▶ [EXTRACTED MATERIAL]

= Beginning of Section =

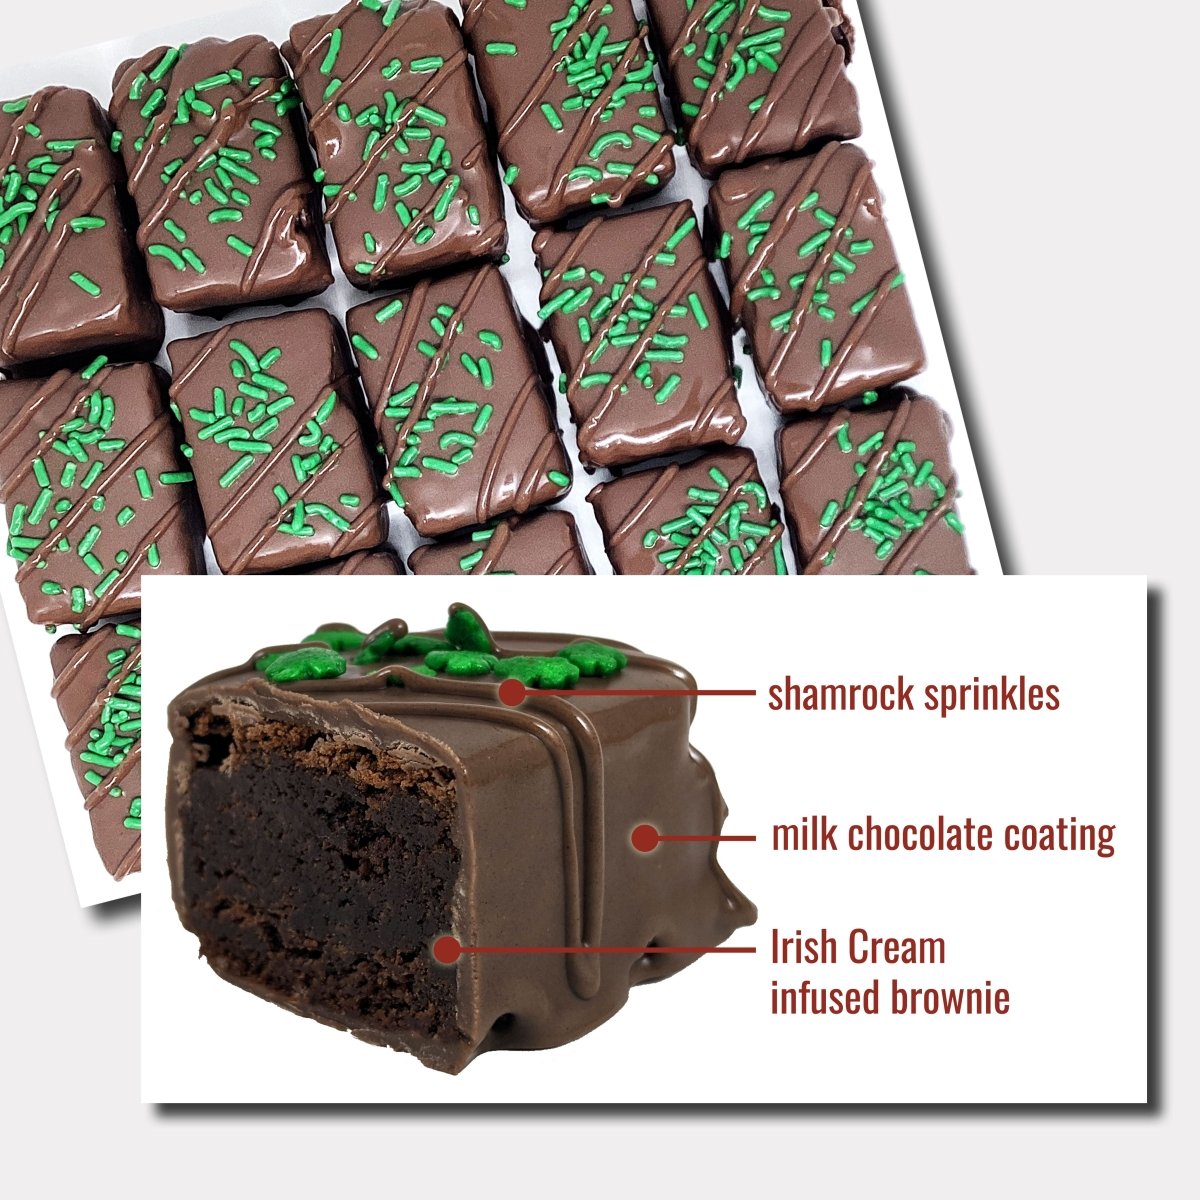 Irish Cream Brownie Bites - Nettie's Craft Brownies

= End of Section =
= Beginning of Section =

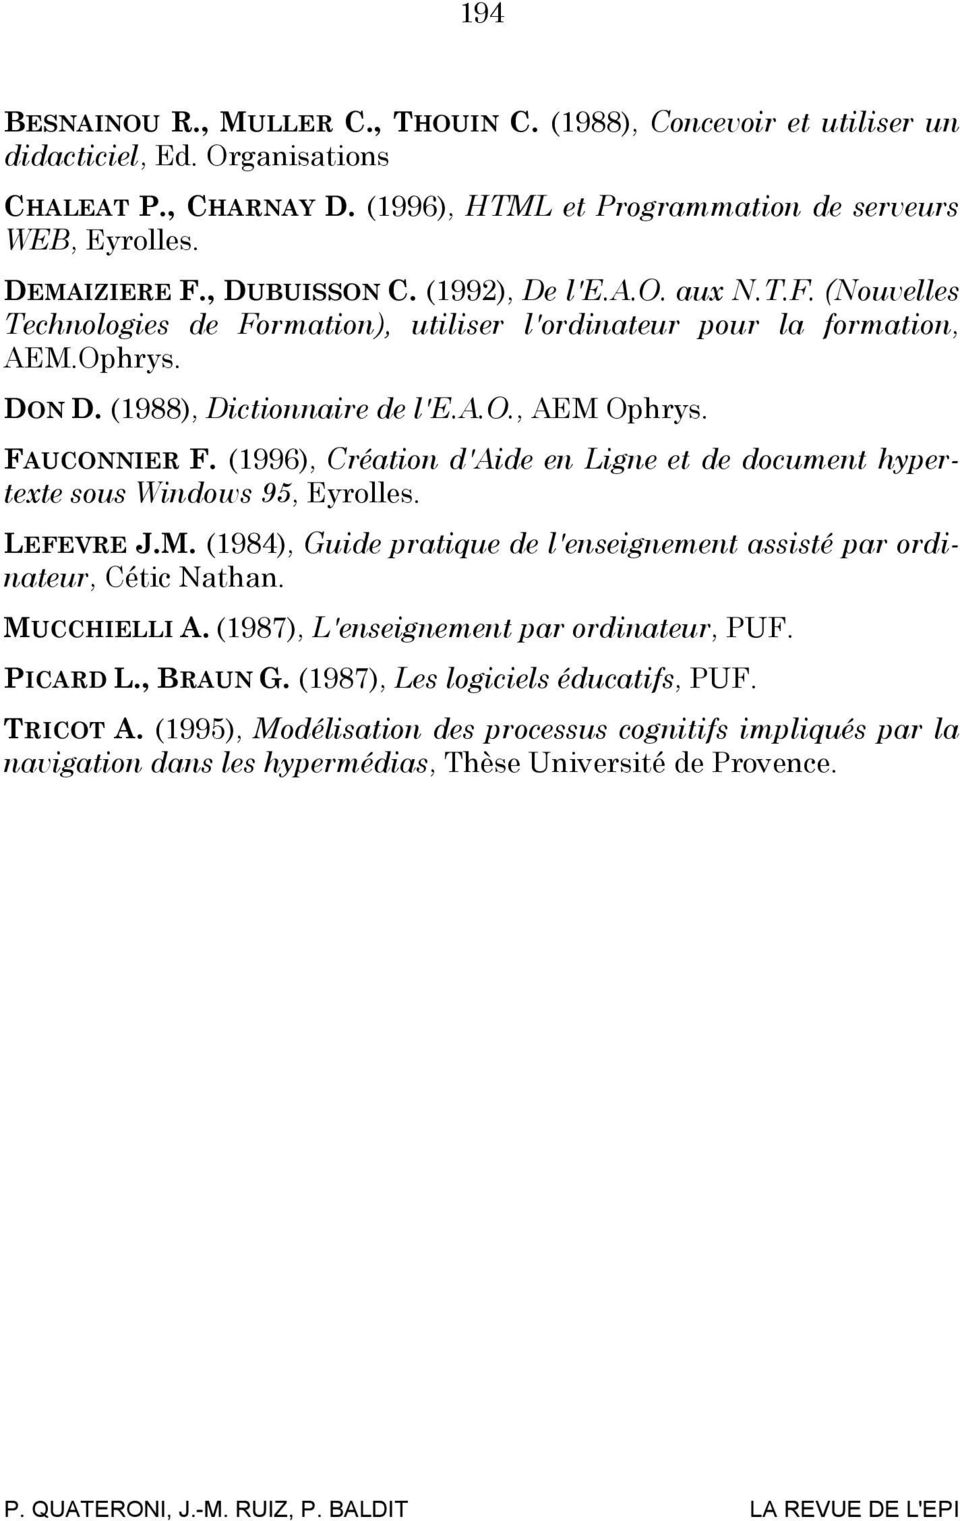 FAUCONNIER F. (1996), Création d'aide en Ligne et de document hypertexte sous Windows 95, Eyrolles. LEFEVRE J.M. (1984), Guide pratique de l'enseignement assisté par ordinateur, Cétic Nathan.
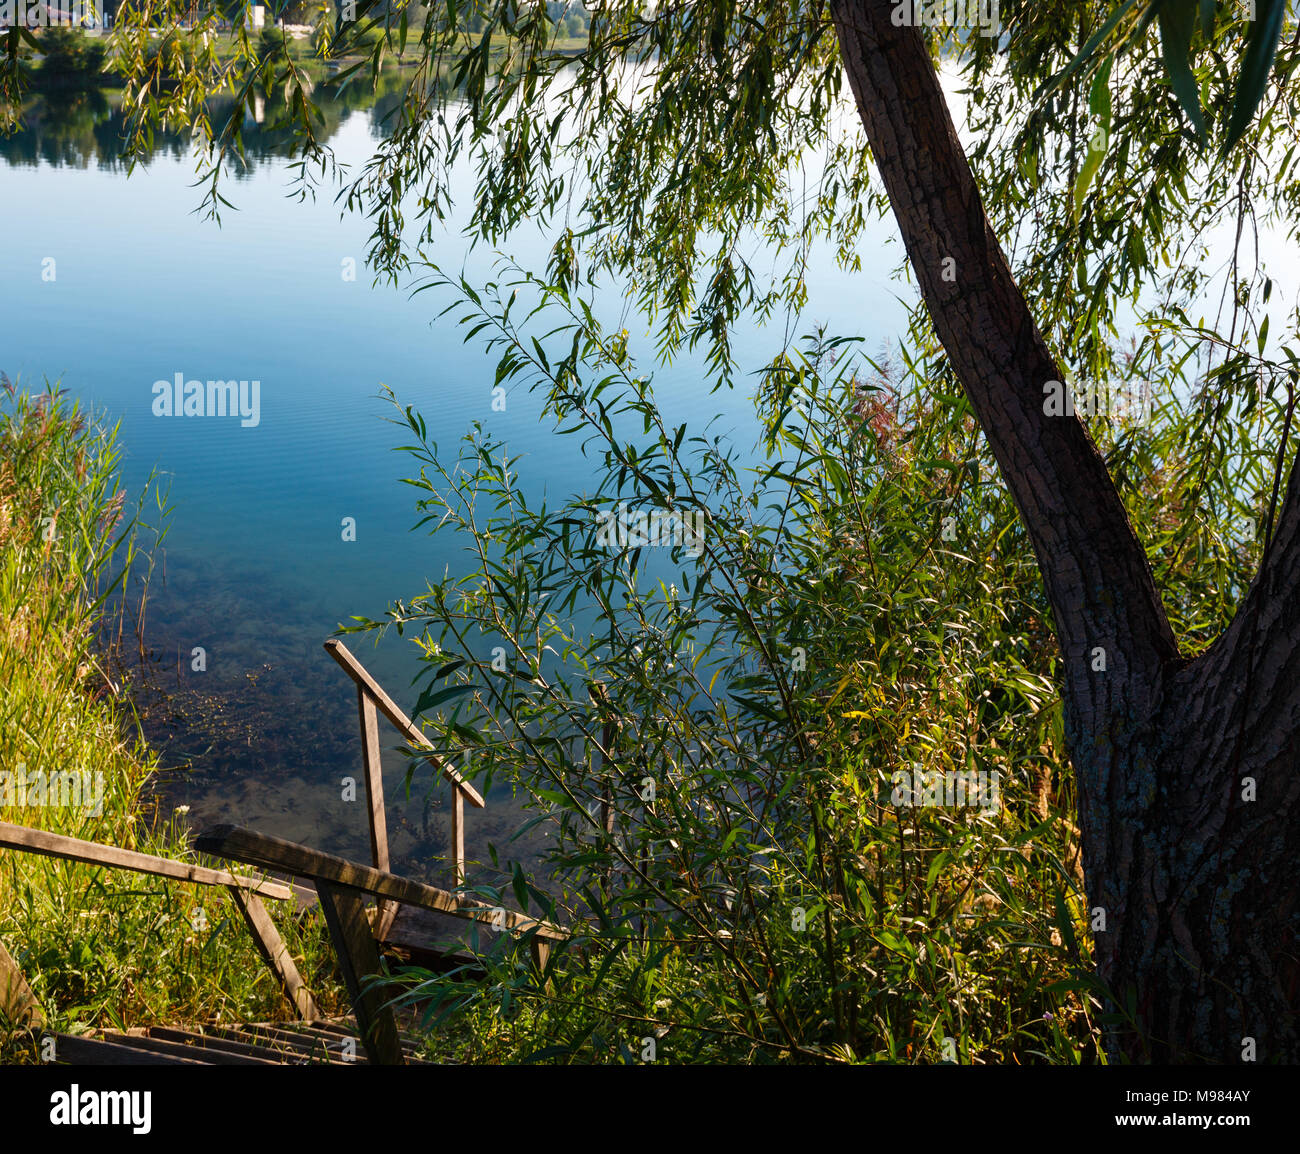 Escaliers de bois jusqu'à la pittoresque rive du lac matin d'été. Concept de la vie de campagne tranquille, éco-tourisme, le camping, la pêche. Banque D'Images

= End of Section =

▶ [TASK REQUIREMENTS] Restate the lines above from the one containing "FAUCONNIER F. (1996), Création" through the one containing "Escaliers de bois", inclusive, exactly and without pictures.

▶ [EXERCISE OUTPUT]
 FAUCONNIER F. (1996), Création d'aide en Ligne et de document hypertexte sous Windows 95, Eyrolles. LEFEVRE J.M. (1984), Guide pratique de l'enseignement assisté par ordinateur, Cétic Nathan.
 Escaliers de bois jusqu'à la pittoresque rive du lac matin d'été. Concept de la vie de campagne tranquille, éco-tourisme, le camping, la pêche. Banque D'Images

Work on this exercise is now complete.